On this page we will show you how you can use the basic physical principles of Newton's laws, applied to the colliding molecules in a gas, to find the ideal gas law.  Since the molecules are spaced relatively far apart you don't really have to worry too much about the interactions between molecules -- except to realize that they allow the molecules to share momentum through collisions (the molecules also share energy, as we discuss later).  Mostly the motion is just that of free particles (gravity plays a very small role since the molecules move so fast and don't have time to fall very far between collisions). 

A simple model of a gas

What is a gas?  It's lots of individual molecules moving around freely and bouncing off the walls of the container (or the room, etc.).  Each individual molecule basically obeys Newton's laws.  So if we wanted, we could model the behavior of a gas by looking at each molecule separately, and figure out the position and velocity of each one.  But there's one problem:  we're talking about a lot of molecules.  One mole of gas (or of anything) has 6x10²³ molecules.  To make things easier, it's more useful to think about bulk quantities like temperature and pressure, which represent averages over the entire population of molecules.

To make the connection between the micro and macro pictures, we can look at one representative particle and treat it as if it is going in a random direction.  The motion of this one particle is not actually random: it is very definite, and influenced by the forces acting on that one particle.  But because we're randomly picking it out of a larger set of particles (moving in every possible direction), its motion looks random.  These ideas of randomness and probability will become very significant in the coming weeks.

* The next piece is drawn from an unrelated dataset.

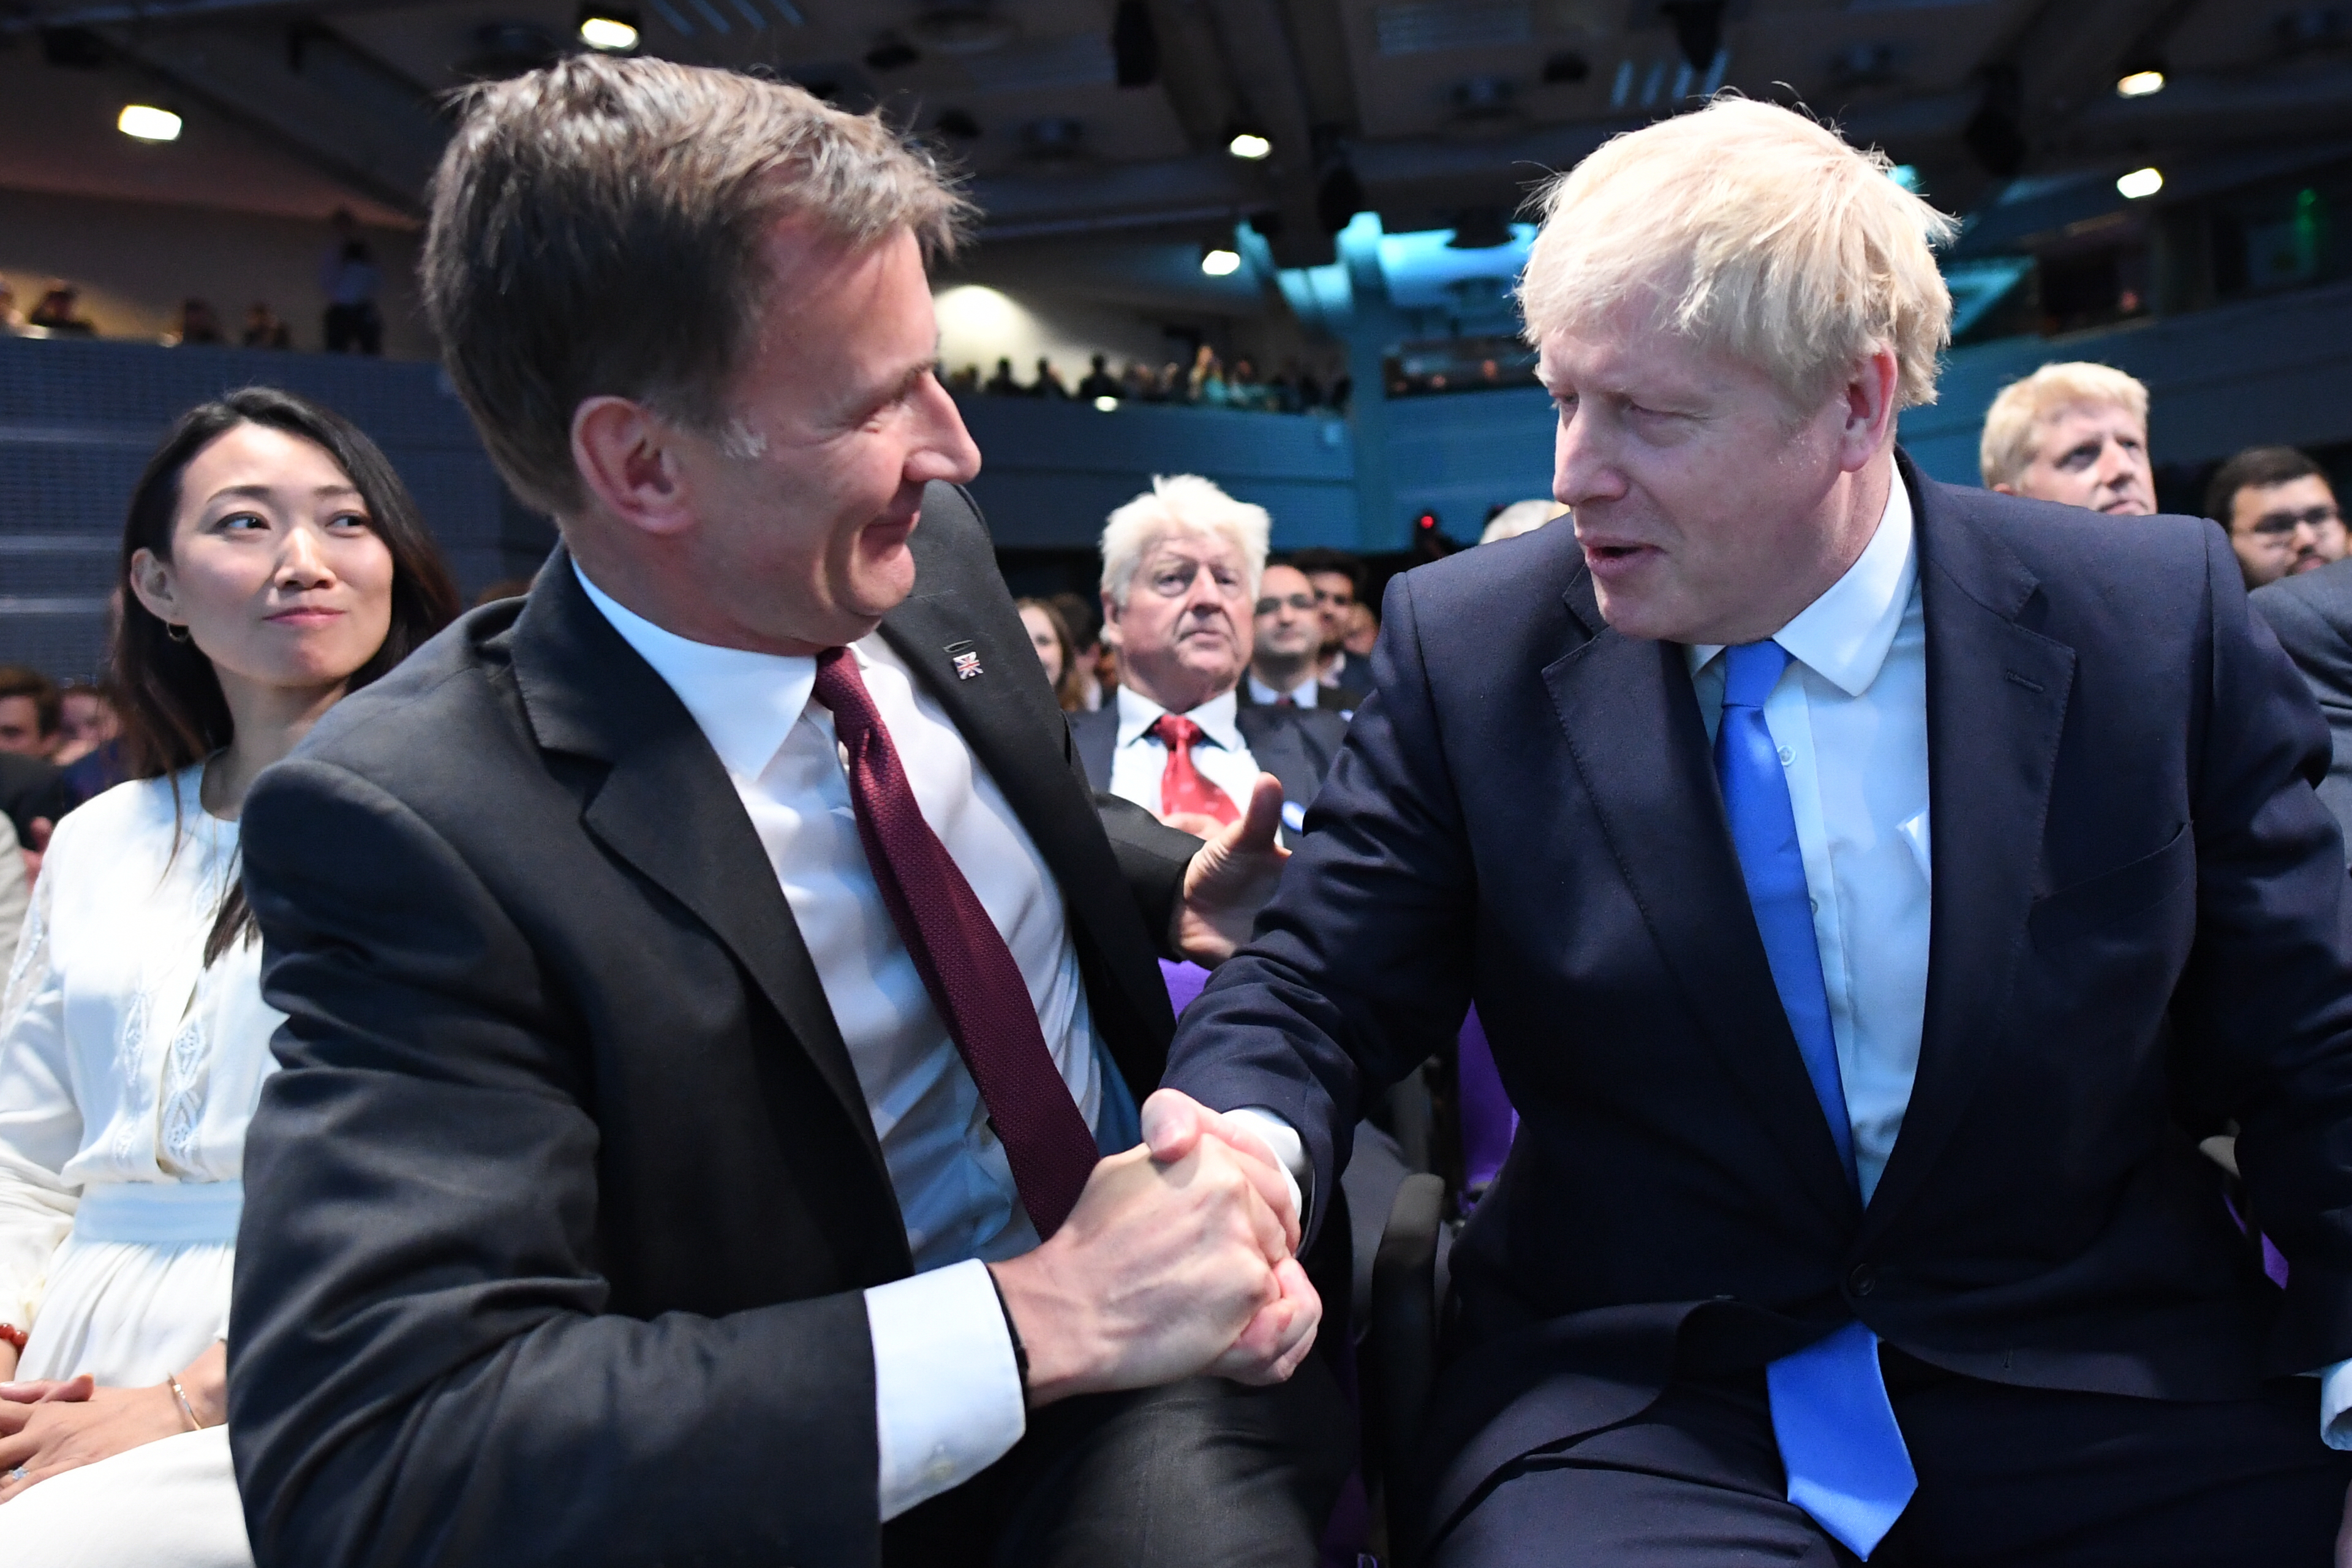 Jeremy Hunt (left) congratulates Boris Johnson at the Queen Elizabeth II Centre in London where he was announced as the new Conservative party leader.

Where does pressure come from?  In our model of many molecules moving very fast and in straight lines between collisions (by Newton's 1st law), pressure comes from the molecules of the gas hitting a wall. Imagine a single gas molecule colliding with a wall.  It bounces off and reverses direction, which means that the wall is exerting a force on the molecule to change its velocity.  By Newton's 3rd Law, we know that the molecule must be exerting an equal and opposite force on the wall.  The sum of all the forces on the wall, from all the molecules (per unit area) is the force the wall feels due to the pressure of the gas. (The fact that we don't say that it IS pressure is a subtlety with the concept of pressure. ) Then all we have to do is figure out:

• How much force does a single molecule exert on a wall when it bounces off it?
• How many molecules hit the wall per second?
  
  

To do this, all we need is our basic equation of velocity and Newton's second and third laws -- plus a model of the randomness of the motion of many molecules. Here are the only equations we need. (Plus, we need to know the ideal gas law, pV = nRT.)

Now let's use them.

How much force does a single molecule exert on a wall when it bounces off it?

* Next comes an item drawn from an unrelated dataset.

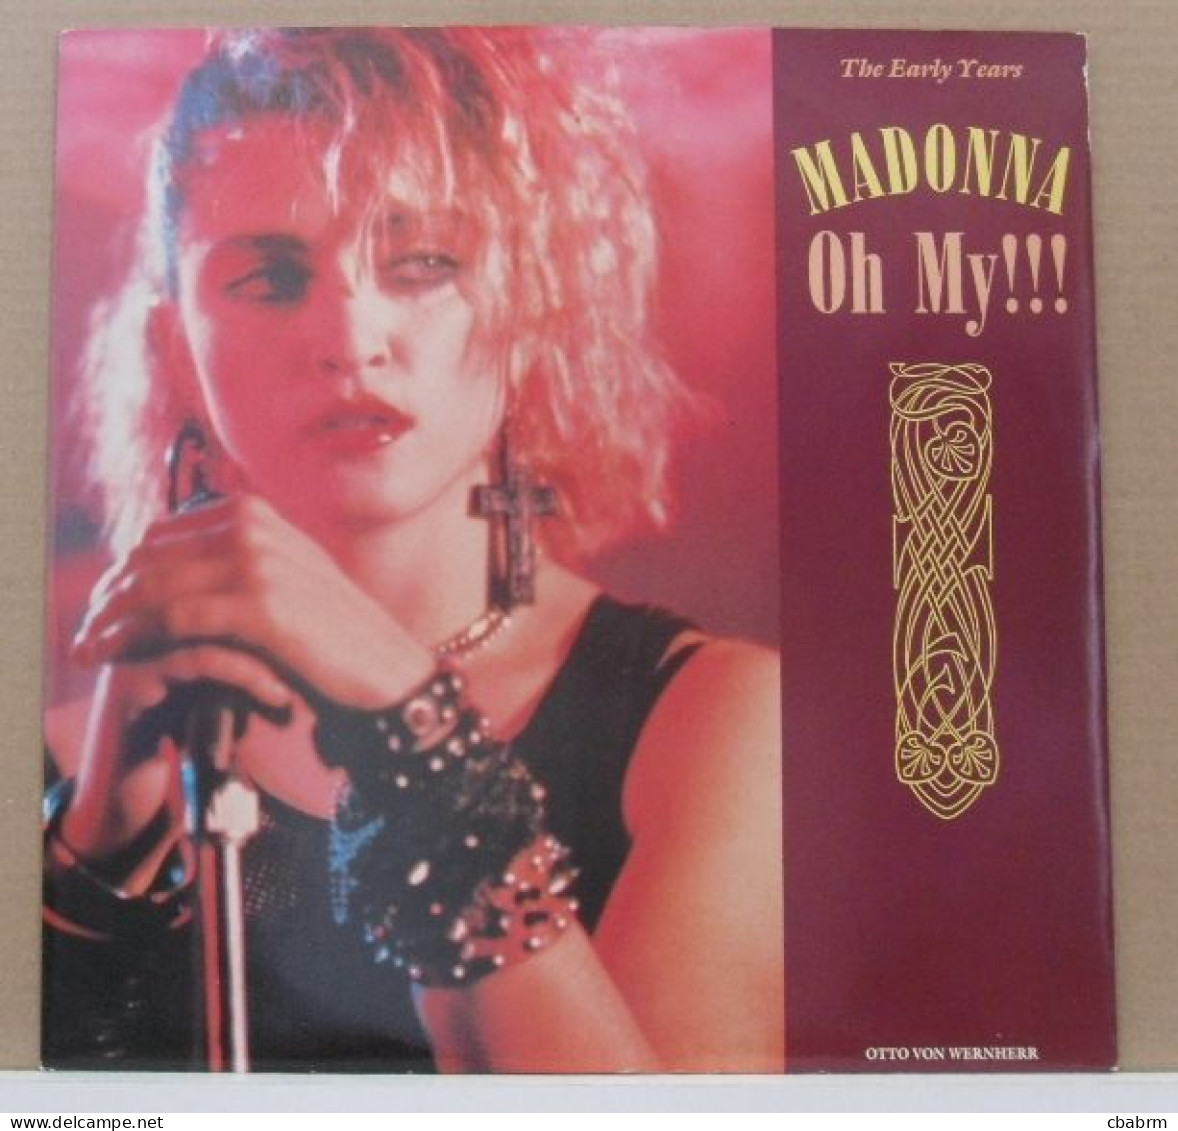 MAXI 45 TOURS MADONNA OH MY !!! - MADE IN UK REPLAY 3009 - 45 Rpm - Maxi-Single

Imagine a wall with the gas on its left. Now consider one molecule bouncing off the wall. In the figure at the right, the molecule's path is in red. We have chosen our coordinates so that the positive x direction is in the direction of the normal to the wall pointing outward from the region where the gas is.   When the molecule hits the wall, the x component of its velocity is reversed, but the y and z components stay the same.  Because the collision is assumed to be elastic, the molecule keeps the same amount of kinetic energy, so the magnitude of the velocity stays the same; only the direction changes.   Now let's find the magnitude of the force that the molecule exerts on the wall.  It's equal to the mass of the molecule times its acceleration during the collision, and the acceleration is its change in velocity divided by the time for one collision:

How big is Δv_x?  If it had some value v_x before the collision, then it was -v_x after the collision (same magnitude, opposite direction), so the magnitude of the change is -v_x - (v_x) = -2v_x.  So the magnitude of the force on the wall from each collision is .

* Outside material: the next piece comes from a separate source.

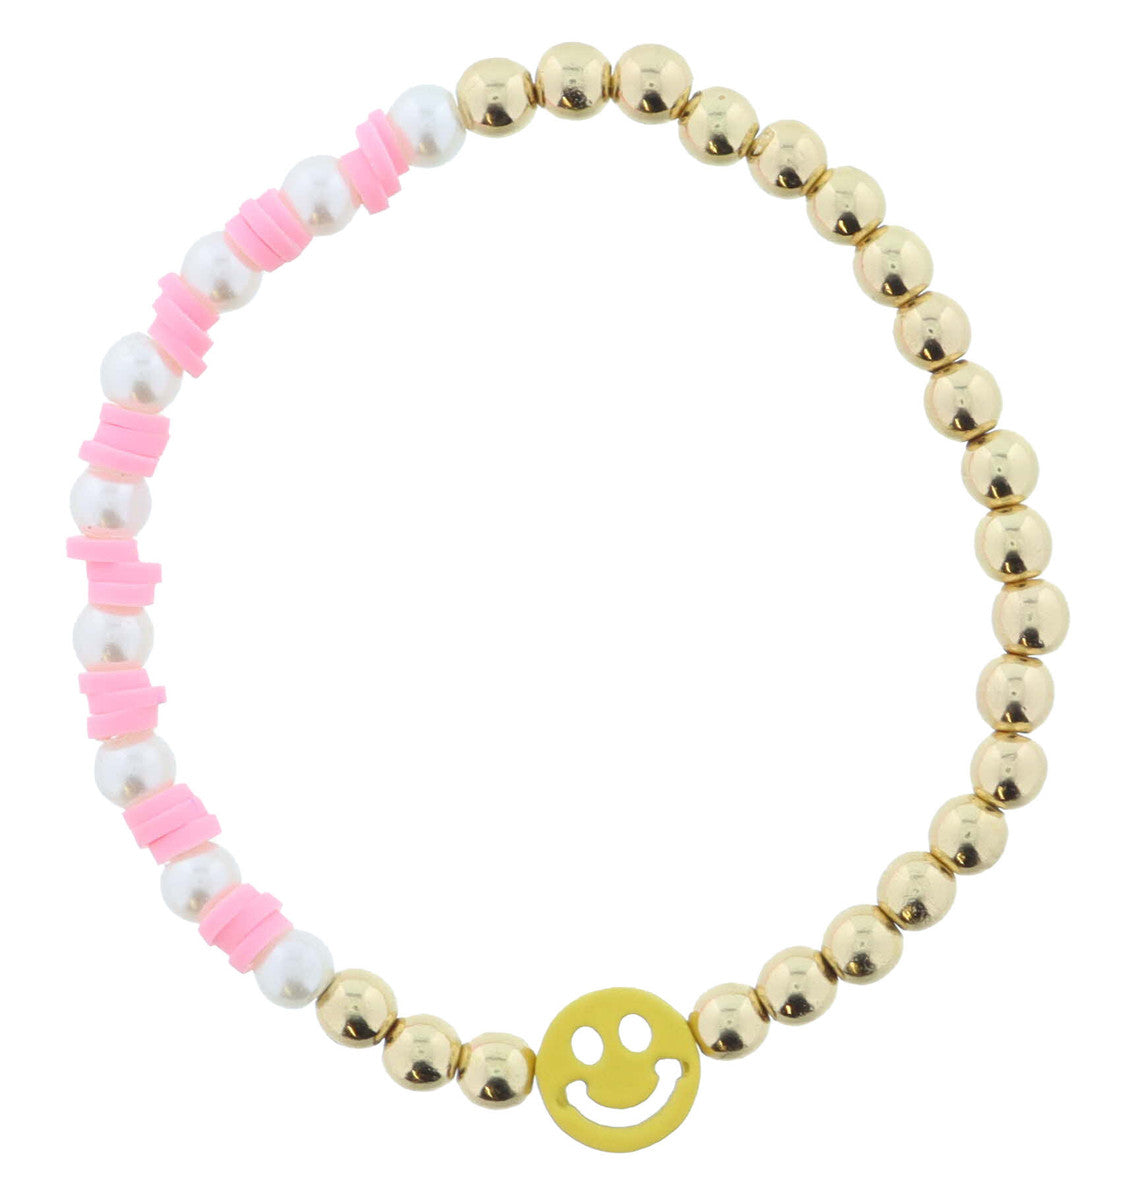 KIDS HALF PINK SEQUINS AND PEARLS, HALF BEADS WITH YELLOW HAPPY FACE BRACELET

How many molecules hit the wall per second?

Our result above is just from one molecule.  How can we figure out how many molecules are hitting the wall? The result depends on the density of molecules. Let n be the number of molecules per unit volume, A be the area of the wall we are considering, and consider a small time interval Δt. This time should be long enough that many molecules will hit the wall, but short enough so that not much changes in a macroscopic sense in that time. 

To figure out how many molecules will hit our area in a time Δt, look at the molecules moving near the wall. Only those that are moving towards the wall are going to possibly hit it. And only those that are close enough are going to hit. To see how this works, let's make even a simpler model than that all the molecules are moving randomly in all directions. Let's take all the molecules as moving randomly in a left or right direction and all with the same speed. Although this seems overly simplistic, the up and down motions (y direction) don't contribute to the force so we can actually ignore them. And we'll handle the randomness in speed later by replacing our assumed constant velocity by an average velocity.

So our model is the following: lots of molecules spread out in the y direction but only moving left or right with   a uniform speed vx and a density of n molecules per unit volume.   In this simplified model our molecules near the wall look like the figure at the right.

In this simplified model, only the molecules in the cylinder with area A and height v_xΔt will make it to hit the area A in the time Δt. Since the volume of the cylinder is Av_xΔt, the number of molecules in the cylinder is n(Av_xΔt), and the number that will hit in the time Δt is ½nAv_xΔt. The ½ in the equation comes the fact that half the molecules in the volume are moving to the left and won't hit the wall. Only the right-going ones will.*

So if we put it all together, the total force on the left wall of the room is (the number of molecules hitting it) times (the force exerted by each molecule), which comes out to:

Handling the randomness

The molecules in the gas are not all traveling at the same speed and are not all traveling in the x direction. How do we handle that? Well, the y (and z) directions don't matter. Some of our molecules will have v_y velocities.  So some will move out of our box in the time Δt. But just as many will move in as will move out, so we can ignore that.

But what about the fact that all our molecules are not moving at the same speed? Well, since some will move faster and some will move slower, we can try working with the molecule's average speed <v>.  How does that connect to the average value of <v_x>, which is what we need? By the Pythagorean theorem, the magnitude of the average speed is given by

and there's no particular reason why the x, y, and z directions should be different from each other, so the average x component, the average y component, and the average z component of the velocities of the gas molecules should all be equal.  This tells us that <v>² = 3<v_x²>, so the average value of v_x² (which appears in equation (1)) is v²/3 (where v is the average speed).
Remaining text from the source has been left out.